Сара бросилась к будке в расчете найти там какую-нибудь одежду. Поповьянцу необходимо снять форму. На нем красноармейское обмундирование и при встрече с немцами, что было вовсе не исключено, это могло плохо кончиться. Сара еще накануне в какой-то разбитой легковушке обнаружила целый ворох платьев. Взяв самое простенькое, она перепоясалась ремешком и выглядела теперь совершенно по-граждански.

Поиски увенчались успехом. В будке нашелся сундук с рабочей одеждой обходчика. Ситцевая рубашка, парусиновый пиджачок, брюки — все потрепанное, замасленное. Брезгливый Поповьянц поначалу наотрез отказался переодеваться, однако Сара настояла. Ведь предстоит пробиваться к своим, возможно, придется переходить линию фронта, и без маскировки не обойтись. Он неохотно согласился и сердито сказал:

— Не надо на меня смотреть. Отвернись!

До условностей ли было сейчас! Но она послушно отвернулась, напомнив, чтоб не забыл выбросить нижнюю рубашку.

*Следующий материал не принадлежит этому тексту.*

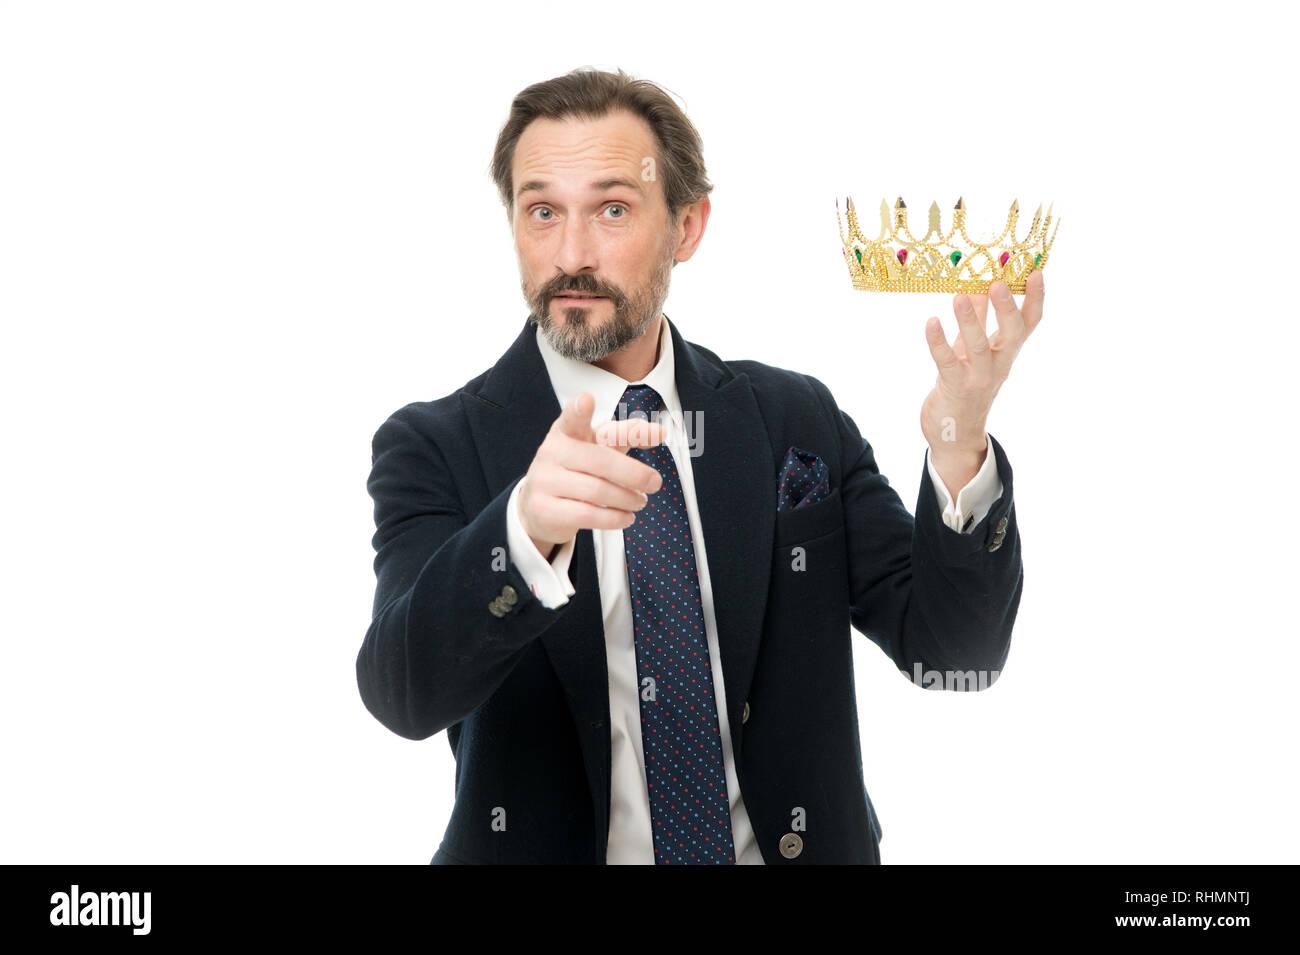 Un enorme privilegio. Conviértete en el rey ceremonia. Atributo de rey. Convertirse en el próximo rey. La monarquía las tradiciones familiares. Hombre naturaleza chico barbudo en traje retener la corona de oro símbolo de la monarquía. Línea directa con el trono. Imagen De Stock

— Это еще зачем? — возмутился Поповьянц, не терпевший насилия.

— Рафаэль, — сказала девушка с упреком, пожалуй, впервые назвав врача по имени, — к чему давать врагу козырь? Белье-то на тебе солдатское… — А сама, прислушиваясь к ворчанию, раздававшемуся за спиной, думала: «Какой он еще мальчишка!»

Хотя оба были почти одногодками, Сара чувствовала себя значительно старше и опытнее. Рафаэль слишком эмоционален. Не далее как вчера утром во время одной из атак, когда роту прижало к земле пулеметным огнем, Поповьянц вдруг вскочил и с криком «За Родину, ура!» устремился вперед. Ох как она за него испугалась! В упор били фашистские автоматы, над полем неслись тысячи пуль, и каждая в любой момент могла его сразить.

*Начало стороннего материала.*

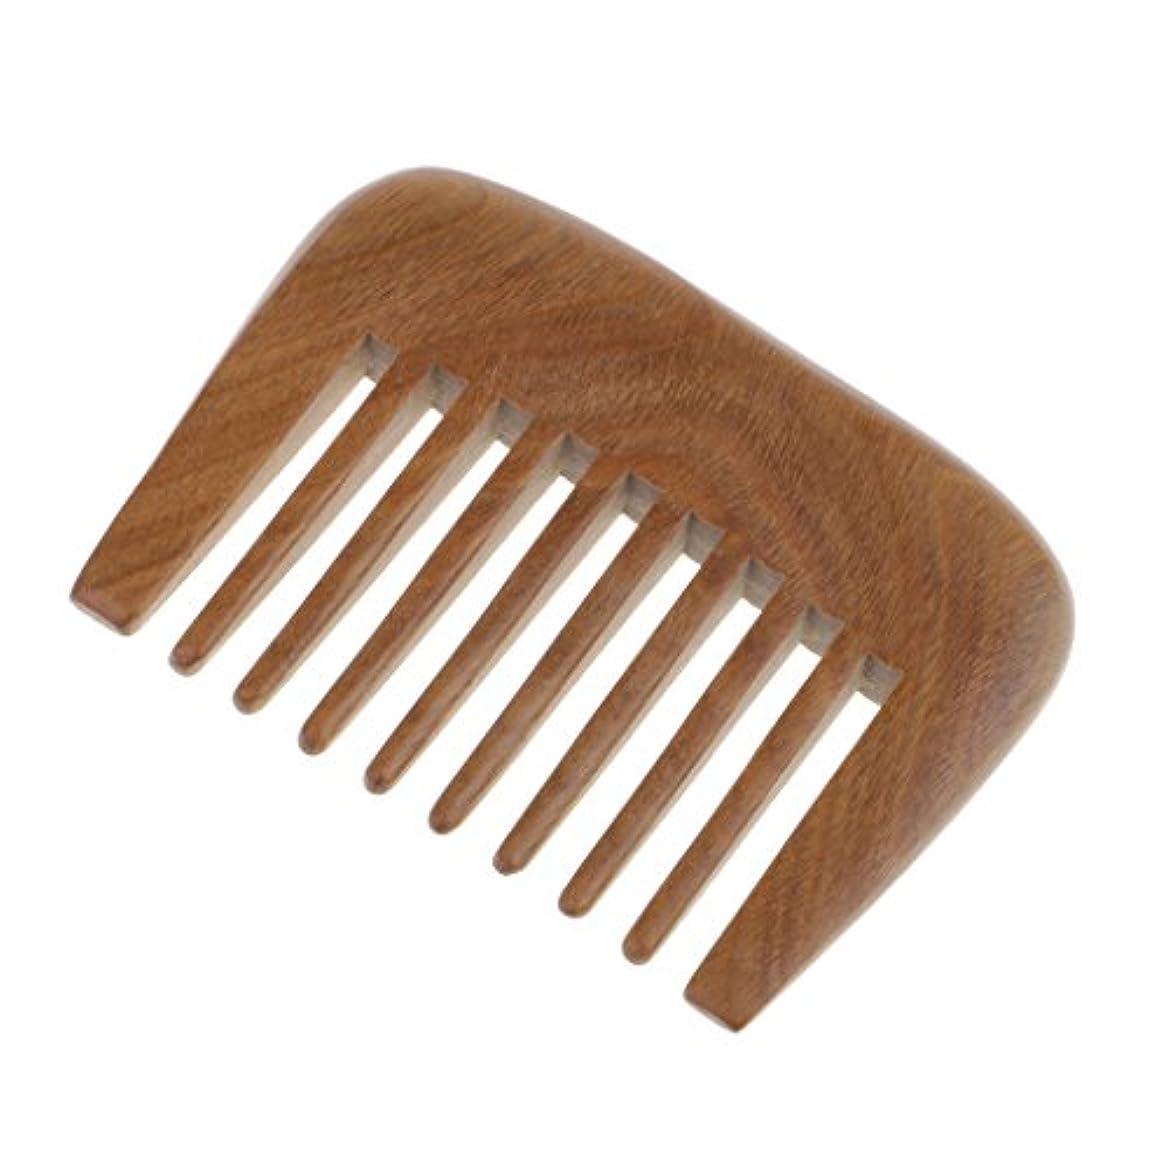 軽く愛情運営Toygogo 木製のくしの毛の広い歯のポケットの毛のくしの毛のもつれを取り除くくしの毛のマッサージャーのブラシの緑の白檀

Рафаэль упал. У нее оборвалось сердце. Убит? Ранен?.. Она выскочила из окопа, рванулась вслед за ним. Рухнула рядом, увидела его испуганный взгляд и… заревела. Ну не мальчишка ли? Глаз да глаз за ним нужен.

Они пошли прямо по шпалам. Поповьянц в кургузом пиджачке шагал размашисто. Сара, едва поспевая, почти бежала. Справа показались домики под соломенными крышами, сараи, заборы. Несколько хатенок было разрушено, от них остались печные трубы.

— Наверное, Артемовна, — неуверенно сказал Поповьянц. — Точнее то, что от нее осталось. Хутор раз пять вчера переходил из рук в руки.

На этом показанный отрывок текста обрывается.